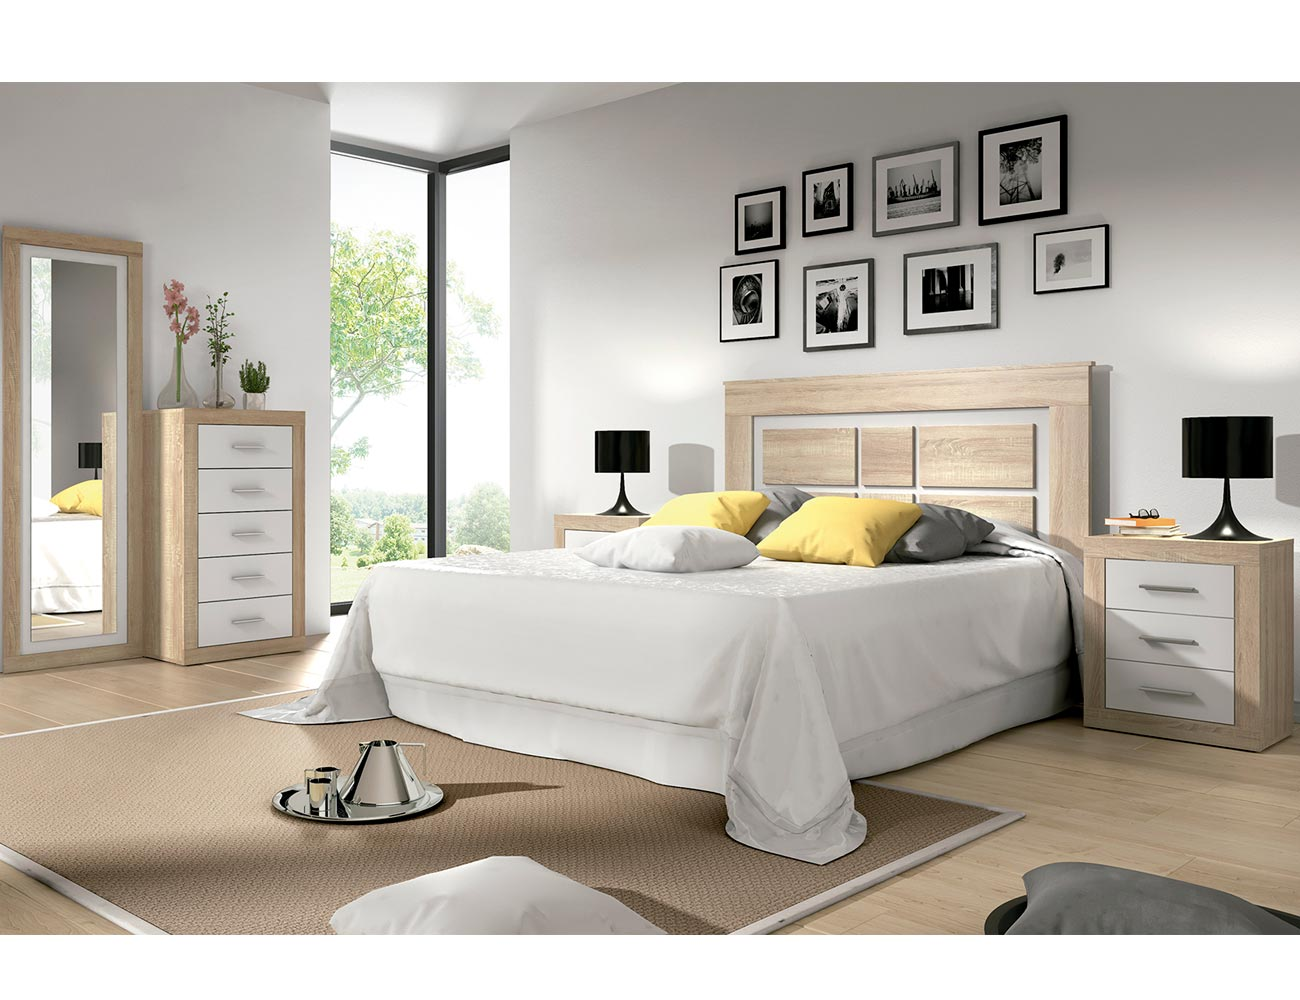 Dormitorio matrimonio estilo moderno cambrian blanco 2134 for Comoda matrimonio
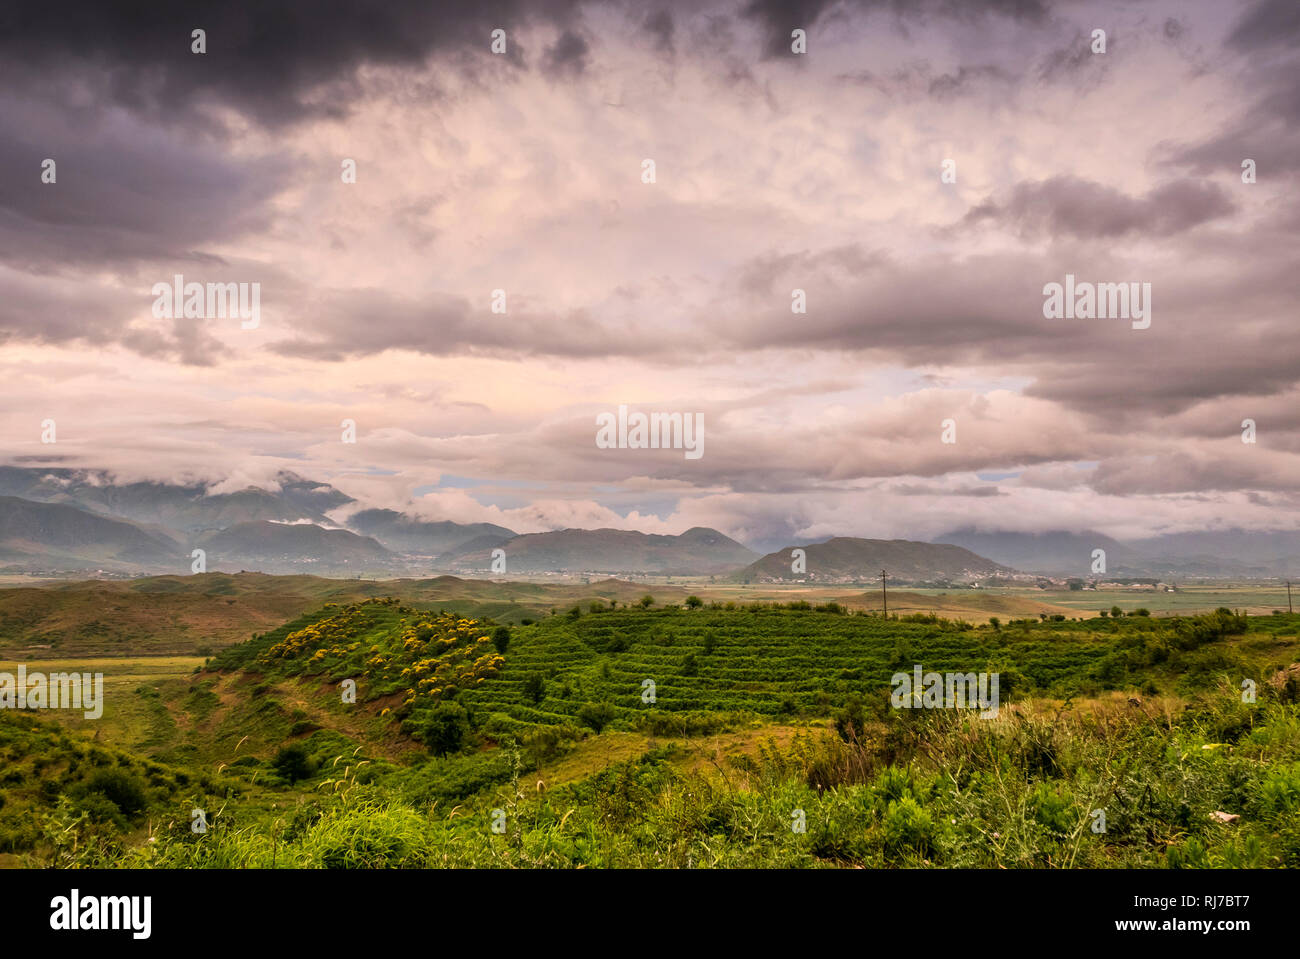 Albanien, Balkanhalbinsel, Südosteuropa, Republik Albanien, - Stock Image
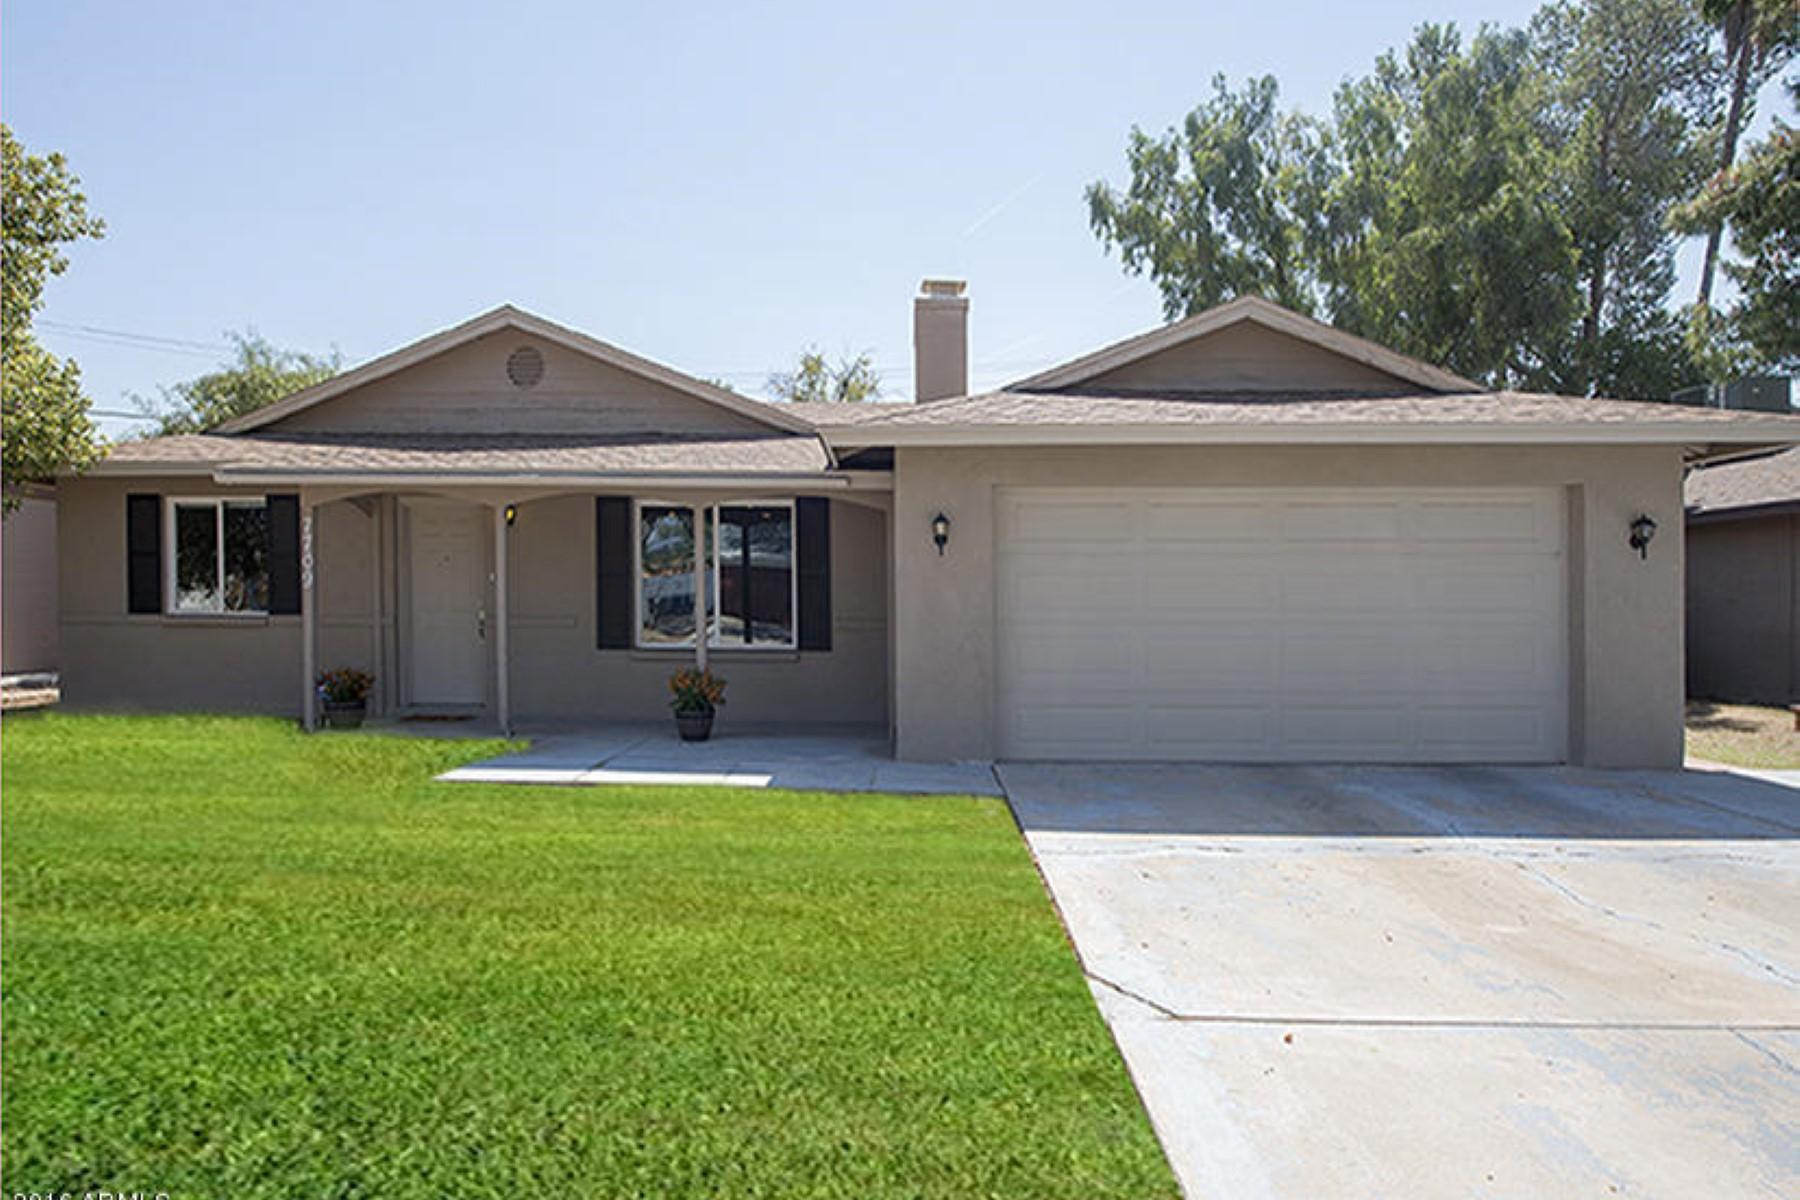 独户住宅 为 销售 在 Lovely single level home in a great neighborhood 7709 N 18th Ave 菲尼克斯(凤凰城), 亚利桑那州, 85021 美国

• • • •

WORK INSTRUCTION.
Transcribe the listing above in full. Pictures are not part of the copy.

SOLUTION TO THE EXERCISE.
 Dormitorio matrimonio estilo moderno cambrian blanco 2134 for Comoda matrimonio
 Albanien, Balkanhalbinsel, Südosteuropa, Republik Albanien, - Stock Image
 独户住宅 为 销售 在 Lovely single level home in a great neighborhood 7709 N 18th Ave 菲尼克斯(凤凰城), 亚利桑那州, 85021 美国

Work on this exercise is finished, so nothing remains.